Pendant onze mois, la mineure vulnérable est au cœur d’un système bien rodé.

Tout commence lorsqu’elle rencontre son petit ami Wail A., qui l’incite à se prostituer.

C’est le “lover boy“, celui qui, dans le milieu du proxénétisme, se joue des sentiments de la victime pour la pousser à livrer son corps aux plaisirs sexuels d’autrui pour de l’argent.

Les deux autres membres de la bande et notamment Bilel A. vont ensuite commencer à exercer des pressions sur la victime pour l’entraîner à poursuivre.

Des annonces aux photos suggestives sont postées sur des sites sous des appellations du type : “Ines la chaude”, ou encore “Meilleure suceuse”.

Des appartements sont loués via Airbnb ou Booking aux quatre coins de la France.

Les clients se pressent. Entre 20 et 30 hommes par jour se déclarent intéressés. La mineure n’a aucun droit de regard sur ce qu’elle peut ou ne peut pas faire.

“Des fellations avec finition ou non, des faciales, des rapports vaginaux protégés ou non”, a détaillé Me Gauthier. “On ne lui demande même pas son avis pour coucher ou non avec un homme séropositif”.

Ces passes sont surveillées par Wail A. ou Bilel A. depuis la salle de bains ou le bas de l’immeuble. Fleur ne récupère rien de l’argent des passes, celui-ci est partagé entre les deux hommes à l’issue de ses rendez-vous.

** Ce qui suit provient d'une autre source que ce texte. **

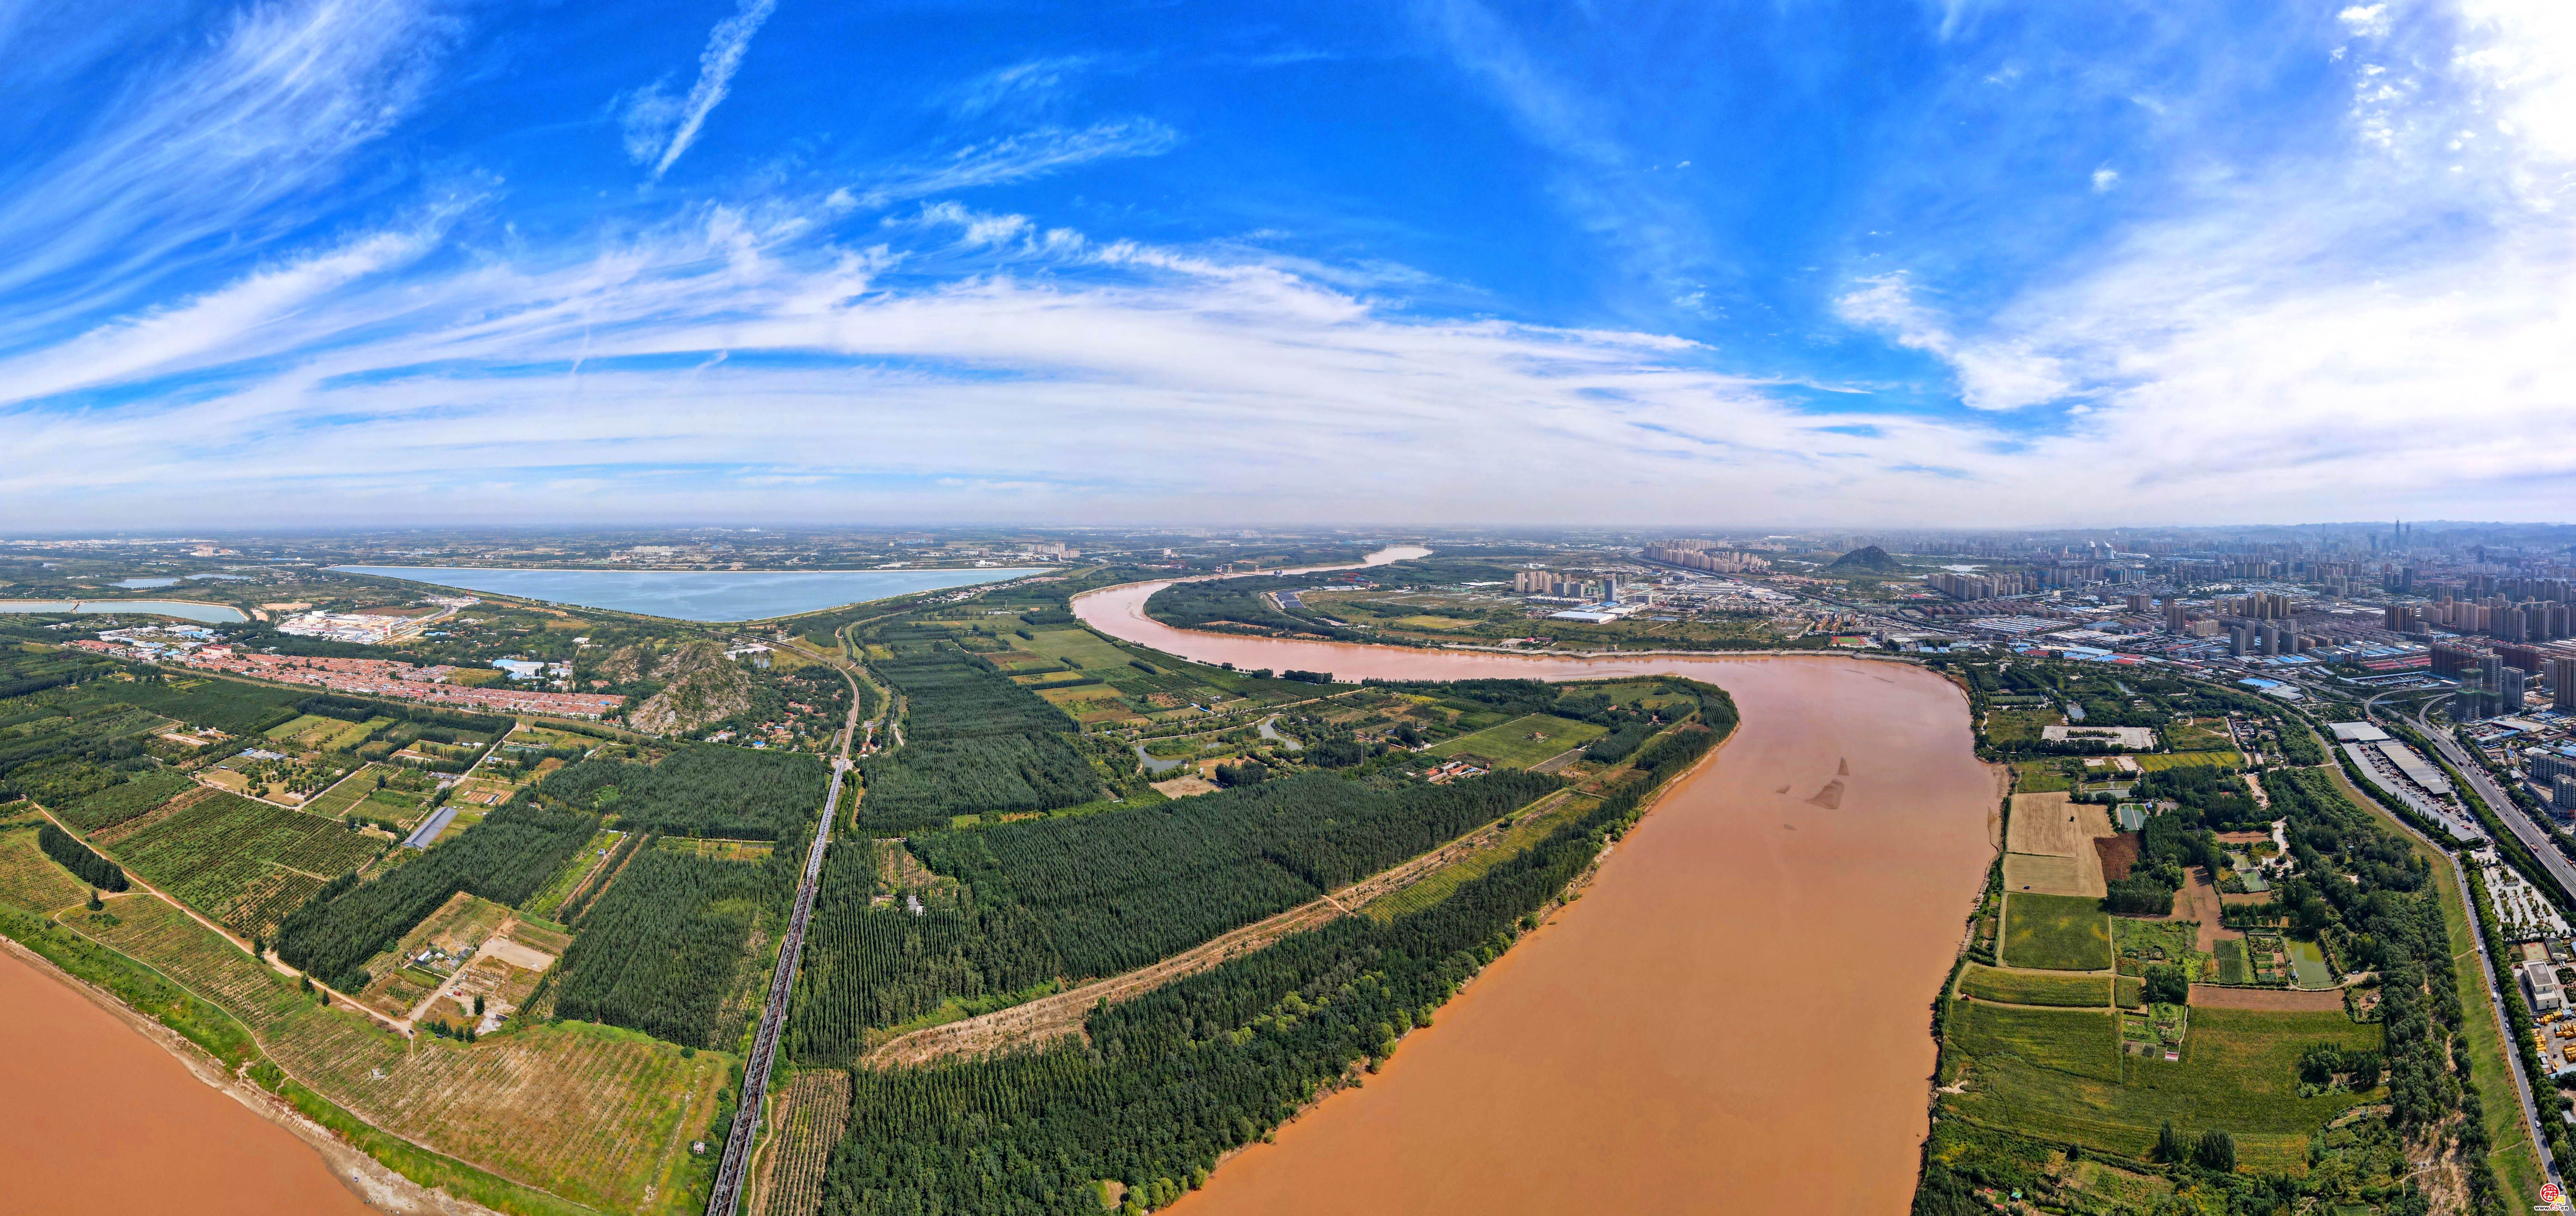 高空远眺,绿色生态景观带沿济南黄河两岸铺开,隔河相望的鹊山和华山

Il finance un train de vie confortable à base de paris sportifs, de déplacements en taxi, de nombreux restaurants et de stupéfiants.

La victime, elle, est à peine nourrie. Ses bourreaux lui refuseront même un test de dépistage.

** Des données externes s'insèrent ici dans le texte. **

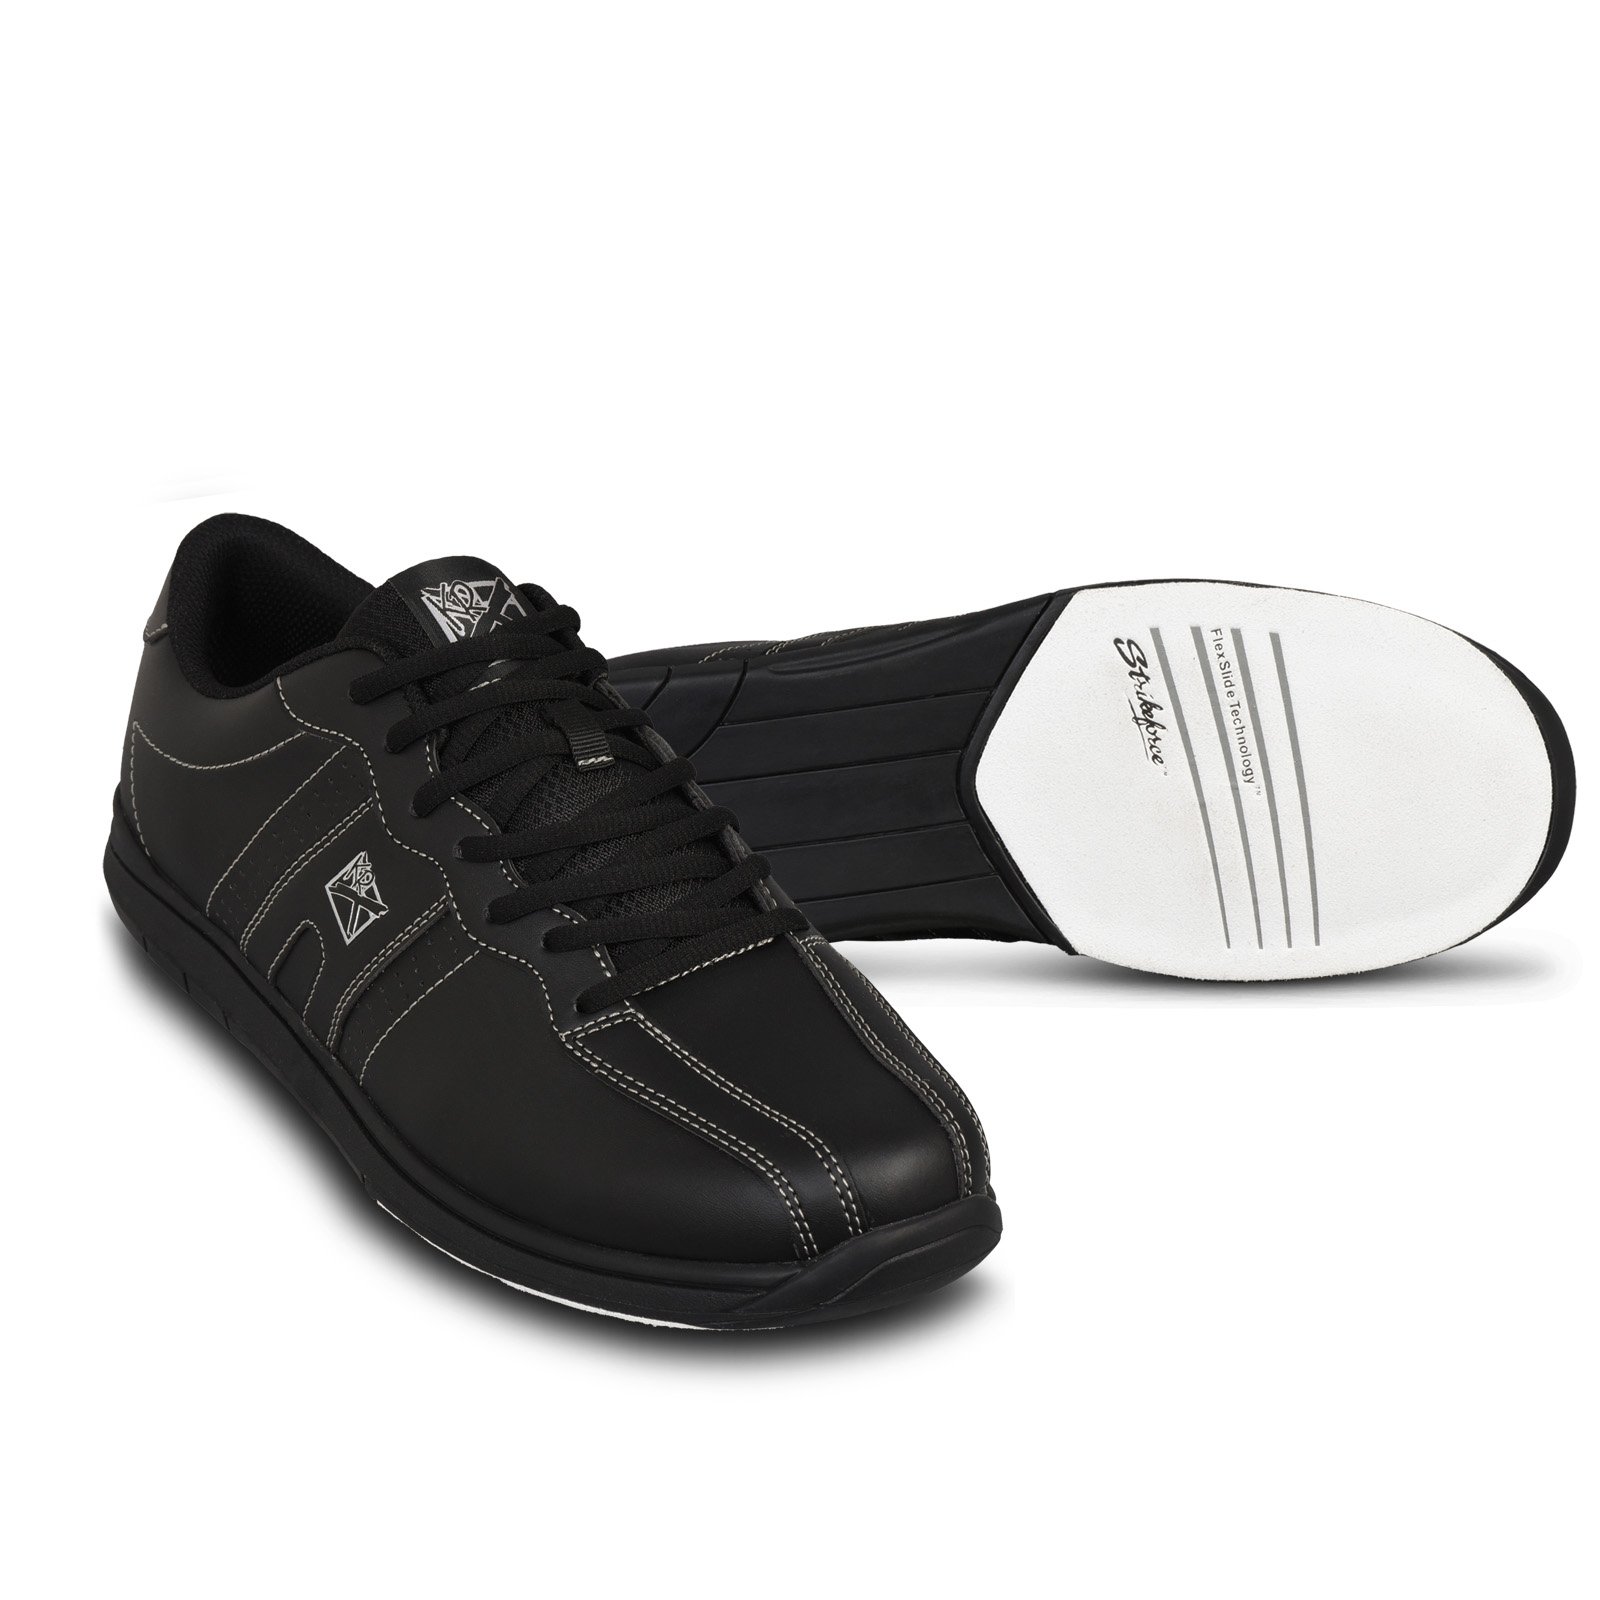 KR Strikeforce Men's O.P.P Bowling Shoes Black

“Ils n’étaient pas là pour la protéger, mais pour la faire taffer. Quand je l’ai rencontrée, elle avait des IST en pagaille, des toxiques en pagaille, des carences dans tous les domaines. […] Elle était juste bonne à manger des pâtes et de la sauce tomate”, a déploré l’avocat de la partie civile.

Les auteurs minimisent leur implication

Le regard baissé, Bilel A. a contesté à la barre être à la tête du réseau.

“Il n’y avait pas d’organisateur, chacun donnait son avis. […] Je ne suis pas le donneur d’ordre”, a-t-il déclaré, assurant seulement “faire la sécurité”.

“Je regrette tout ça, j’ai grandi. C’est une dinguerie ce que j’ai fait”,

A ajouté celui qui, à l’âge de 22 ans, compte déjà 13 inscriptions au casier judiciaire, principalement pour des affaires de stupéfiants et de violences avec arme.

“On lui reproche d’avoir eu ce rôle de leader, il le conteste. Ils ont à peu près tous gagné de l’argent sur cette situation. Il est difficile d’imputer un rôle différent”,

A affirmé son avocat Me Grégoire de Petiville.

L’ex-petit ami de Fleur s’avance à son tour à la barre.

Peu bavard, Wail A. donne peu d’informations et répond de façon nébulaire aux questions de la présidente Béatrice Nicollet.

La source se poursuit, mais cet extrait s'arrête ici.